Partners in crime at the Festival of Chichester
Crime authors Pauline Rowson, Peter Lovesey and Simon Brett |
Owing to the Covid-19 crisis, events and talks are postponed so I'm
continuing my theme of looking back on my talks to some wonderful
audiences, in conjunction with some great writers. Here is a very
lively event in which I participated with fellow crime authors, Simon
Brett and Peter Lovesey.
On 8 July 2013 it fell to me to grill my fellow crime writers
Peter Lovesey and Simon Brett at an event entitled "Under Interrogation"
held at Chichester Library as part of the celebration for the Festival
of Chichester.
The three of us gave the capacity audience of fifty-five a flavour of how we research, plot and write our crime novels.

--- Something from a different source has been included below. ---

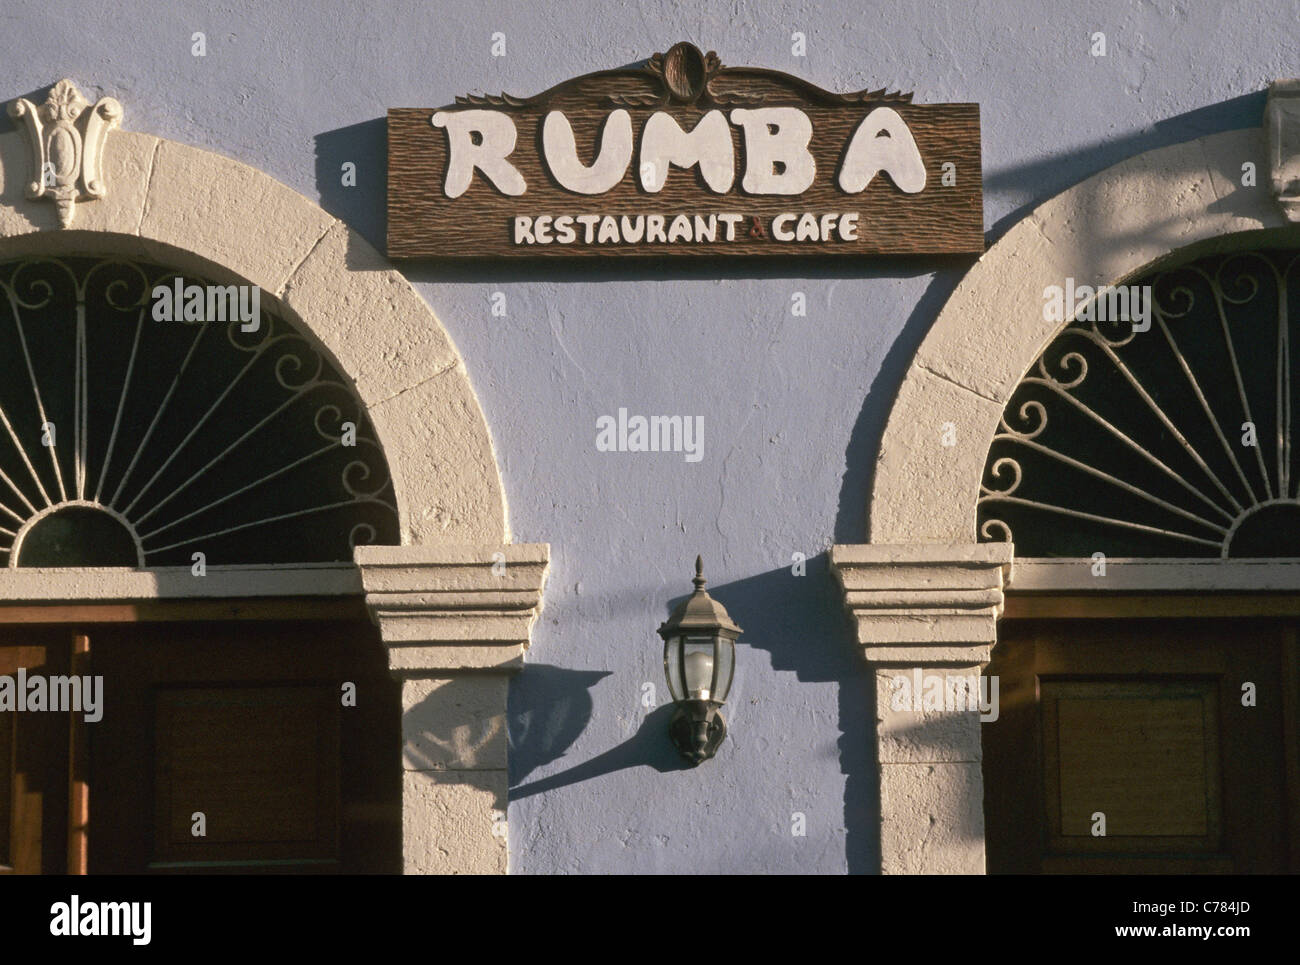 Rumba Restaurant Cafe in the old town of San Juan in Puerto Rico, Caribbean Stock Photo

Peter Lovesey and I talked about our detectives and how they
differed. My DI Andy Horton is fit and fearless, a real action man, a
maverick cop who doesn't conform and who is always on the outside,
despite his desire to belong. While Peter's detective, Peter Diamond, is
older and more set in his ways, a 'dinosaur' as Peter Lovesey described
him who doesn't embrace technology. Simon Brett told the audience why
he chose instead to feature amateur sleuths in his novels. His reason
being he says he knows nothing about police procedure.
Pauline Rowson and Peter Lovesey |
The panel and audience at Chichester Library |
Crime author Pauline Rowson talks about her mystery novels |
We also discussed locations for our crime novels. The Inspector Andy Horton series is set in Portsmouth, the Solent and the Isle of Wight, an area I know well and where I live which is a great help when researching. Portsmouth is also a vibrant waterfront city with great contrasts, rich and poor, historic and contemporary and its urban landscape contrasts sharply with the rural one of the Isle of Wight five miles across the Solent. The sea almost takes on the role of a character in the Horton series.
Peter Lovesey sets his Diamond series in Bath where he once lived, so he knows it well and Simon Brett has chosen to set his novels in fictitious Fethering which is somewhere in West Sussex.
We discussed many aspects of crime writing and the audience asked us questions. This was followed by a book signing.
It
was a highly enjoyable evening. My thanks to Chichester Library for
organising it and to the audience who gave up the opportunity to spend a
glorious summer evening to listen to us.
Hope that talks might resume in 2021!